Siempre me ha llamado la atención que, a
pesar de la naturaleza de nuestras creencias, el espíritu navideño tiene algo
que, de una forma u otra, se instala en nuestras cuevas y hogares aunque nos
llamemos agnósticos, musulmanes, ateos, judíos o protestantes confesos. No sé
porqué pero lo navideño siempre se siente, siempre queda…
Con total probabilidad se deba a que nos
gusta más la jarana que a un tonto una tiza, (eso de menear el culo para arriba
y para abajo, de guateque en guateque, de canción en canción, se intuye
divertido). Tampoco debemos olvidarnos del buche, ese que durante estos días
ingiere cantidades titánicas de comida y bebida (una razón de peso dado los
tiempos que corren). Pero sin mucha dilación les hago saber que es el niño que
vive en nosotros el que sigue soñando cada Navidad. Porque la Navidad sin
niños, oiga, no es Navidad. Sería como concebir libros mudos, ranas con pelo o
burros voladores… ¡Qué estupidez!
Sí, sí, ahora vendrán con eso de que los
niños de hoy día lo tienen todo, nadan en una abundancia que poco tiene que ver
con el mensaje que nos trae el Adviento, que es otra excusa más para
agasajarlos, que no pueden valorarla del mismo modo que nosotros, otros niños
que reñíamos, jugábamos y llorábamos con tropecientos primos cada Nochebuena, vestíamos
chándales hechos con algo parecido al petróleo y zapatillas J’hayber®, y eramos
felices con Airgam Boys®, langostinos a granel, pequeños aguinaldos y las tetas
de Sabrina.
No quiero decirles con esto que la
felicidad sea indirectamente proporcional a la billetera, pero si cabe pensar
que, a pesar de que los tiempos corren y mutan vertiginosamente a ritmo de
“esmarfons”, “feisbuq” y “tuiter”, dentro de cada niño, de cada uno de
nosotros, vive un monstruo que, con cuidados y buenos alimentos (piensen en
otros más espirituales y que poco tengan que ver con el bocata de pavo -¿dónde
está la mortadela?-, como jugar con el barro en el parque, hacer volar las
hojas caídas del otoño o pasar la tarde de escondite en escondite) puede vivir
eternamente.
Seguramente este es un mensaje muy
manido en todos los estrados y púlpitos (¡Déjeme de rollos, señor maestro!),
pero les diré que la Navidad me ha traído muchos momentos de felicidad que poco
tienen que ver con el dinero y los regalos, sino con la familia y los amigos. Y
por si no han oído a Anna Walker (editorial Thule), lo digo alto y claro: Me encanta la Navidad. Me encantaba
decorar las ramas de pino que plantábamos en el paragüero, colocar el diminuto belén
que una vieja amiga me regaló, sigo inventándome excusas para ver a los amigos,
todos los años discutimos por los menús familiares. Me encanta darle besos a
todo el mundo. Me encanta tanto o más que a la cebra protagonista de este libro...
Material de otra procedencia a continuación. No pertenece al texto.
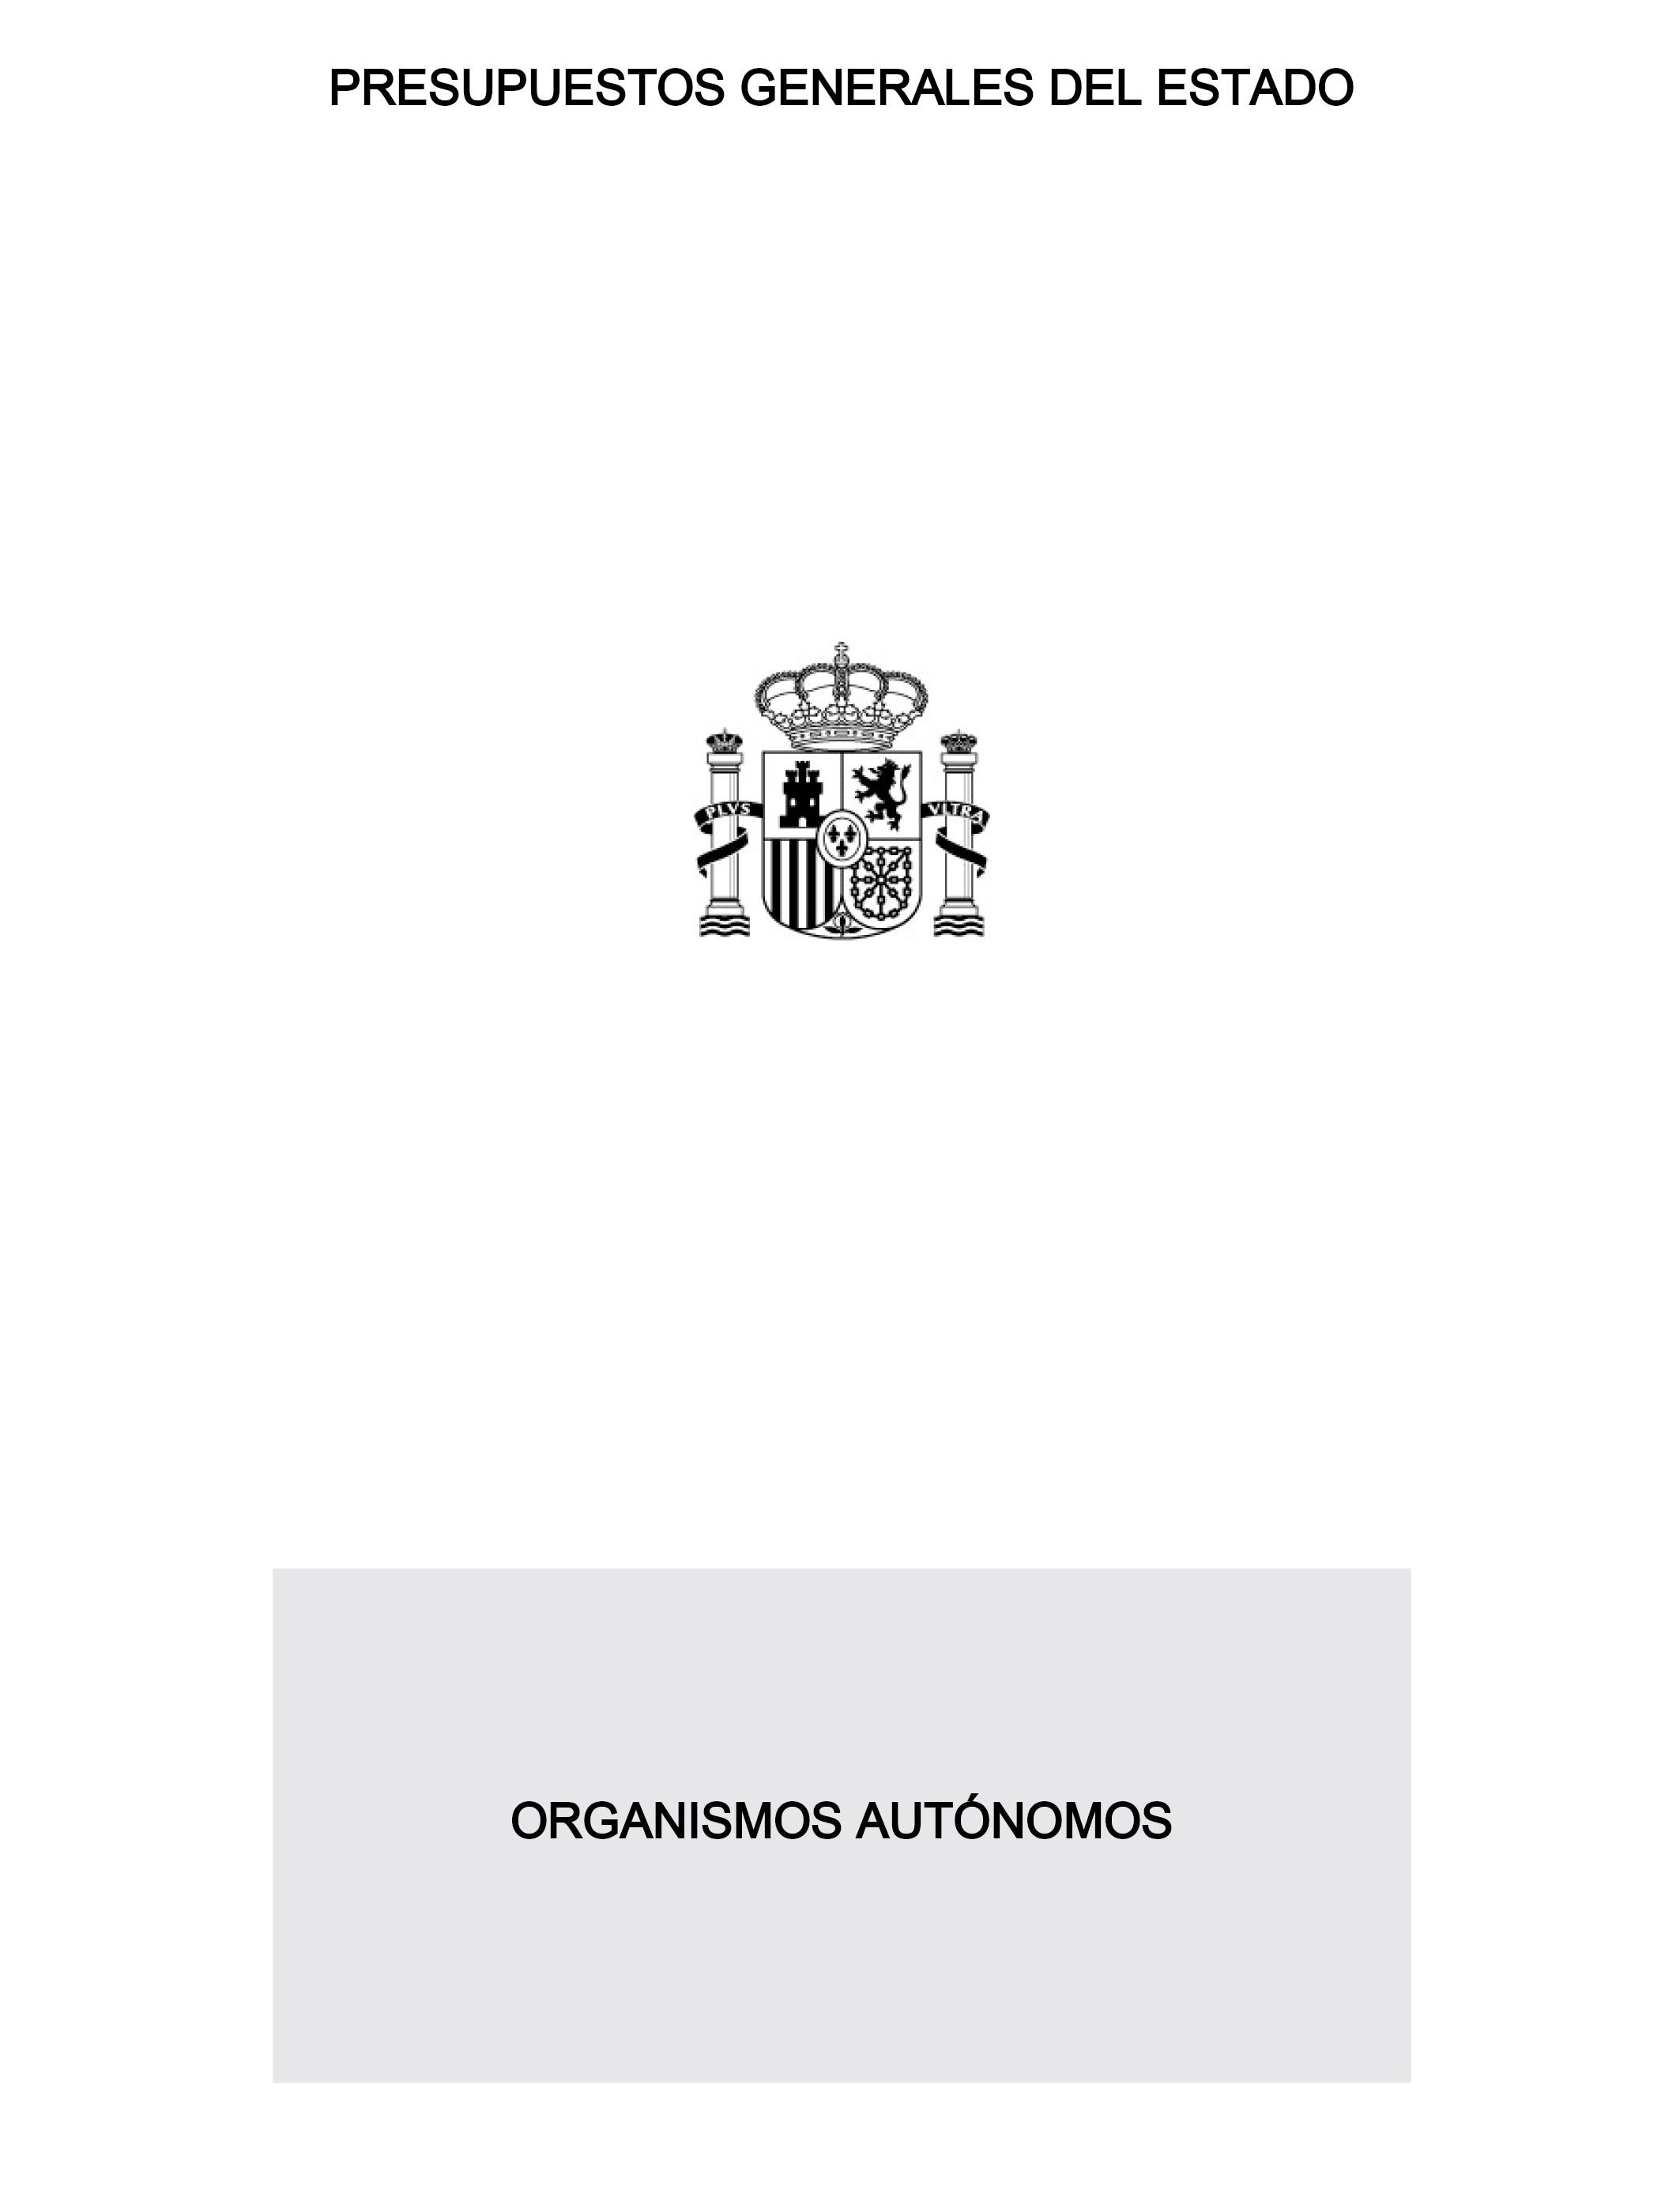 Calendario Fiestas 2019 andalucia Más Caliente Boe Documento Consolidado Boe A 2018 9268 Of Calendario Fiestas 2019 andalucia Más Reciente Ceip Manuel Canela
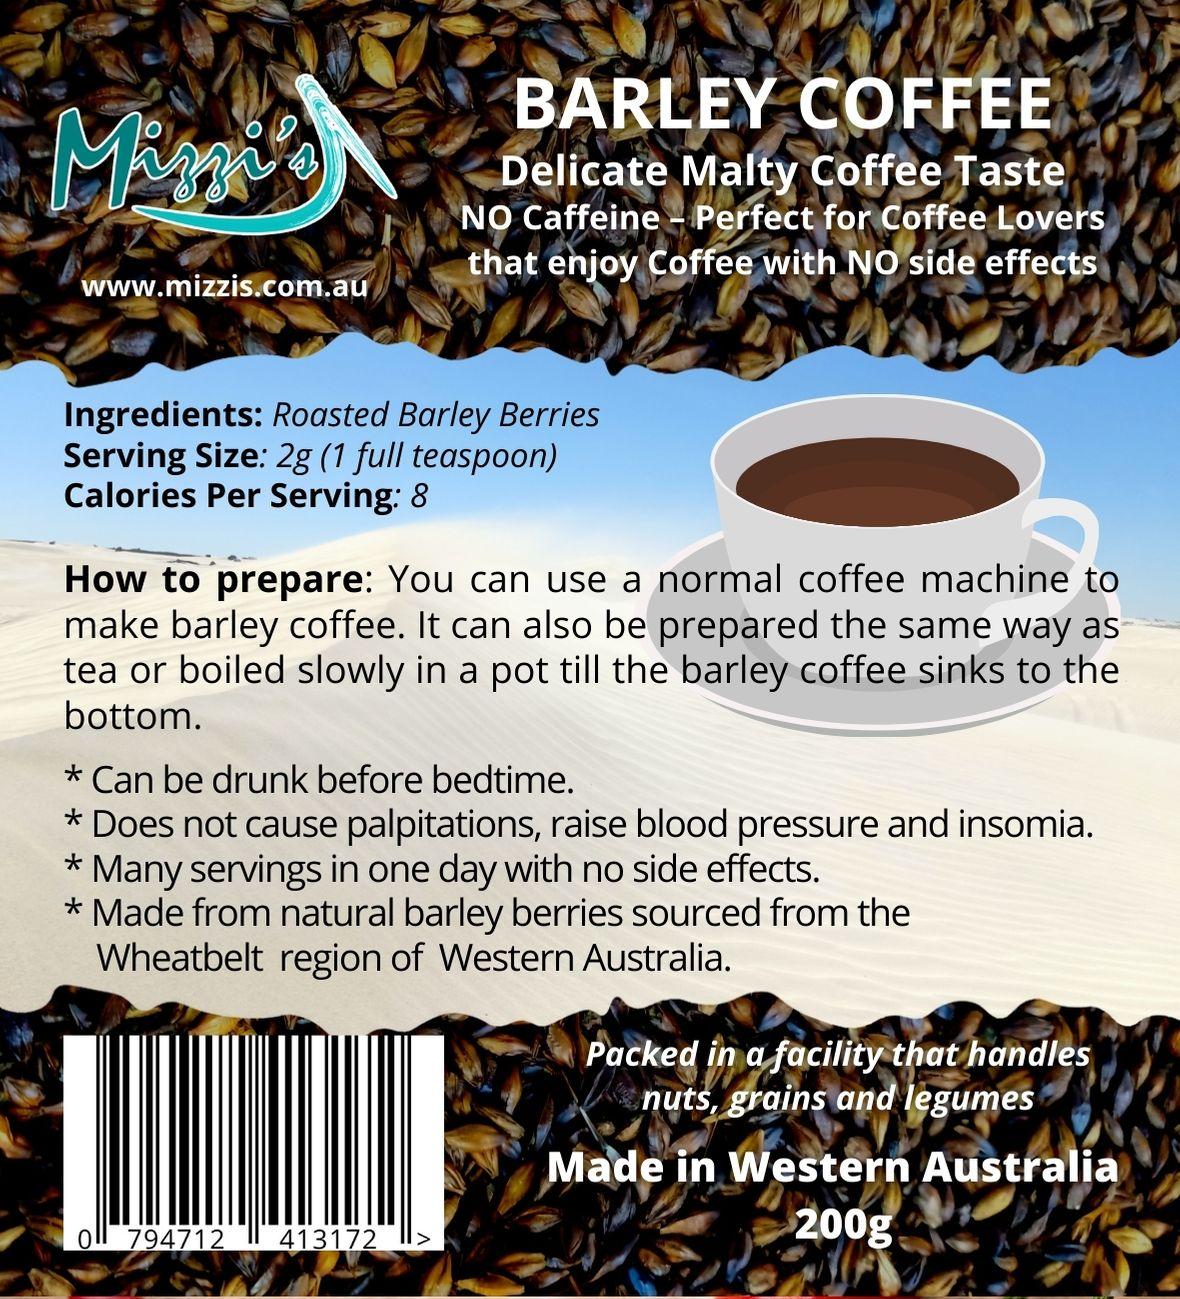 Australian Barley Coffee – 200g

Porque la Navidad no está hecha de caprichos, de grandes demostraciones, sino
de cosas sencillas, de una esencia humilde que ayuda a las generaciones
venideras, unas de las que depende nuestro futuro (incluida la jubilación), a
crecer por fuera y por dentro.
¡Feliz Navidad, Román! Estoy contigo. La Navidad hay que disfrutarla. Mis mejores deseos para ti y para tu monstruoso blog. ;-)
ResponderEliminar|Felicidades! Me encanta tu blog!! me encanta cómo escribes!!!
ResponderEliminarUna rana voladora.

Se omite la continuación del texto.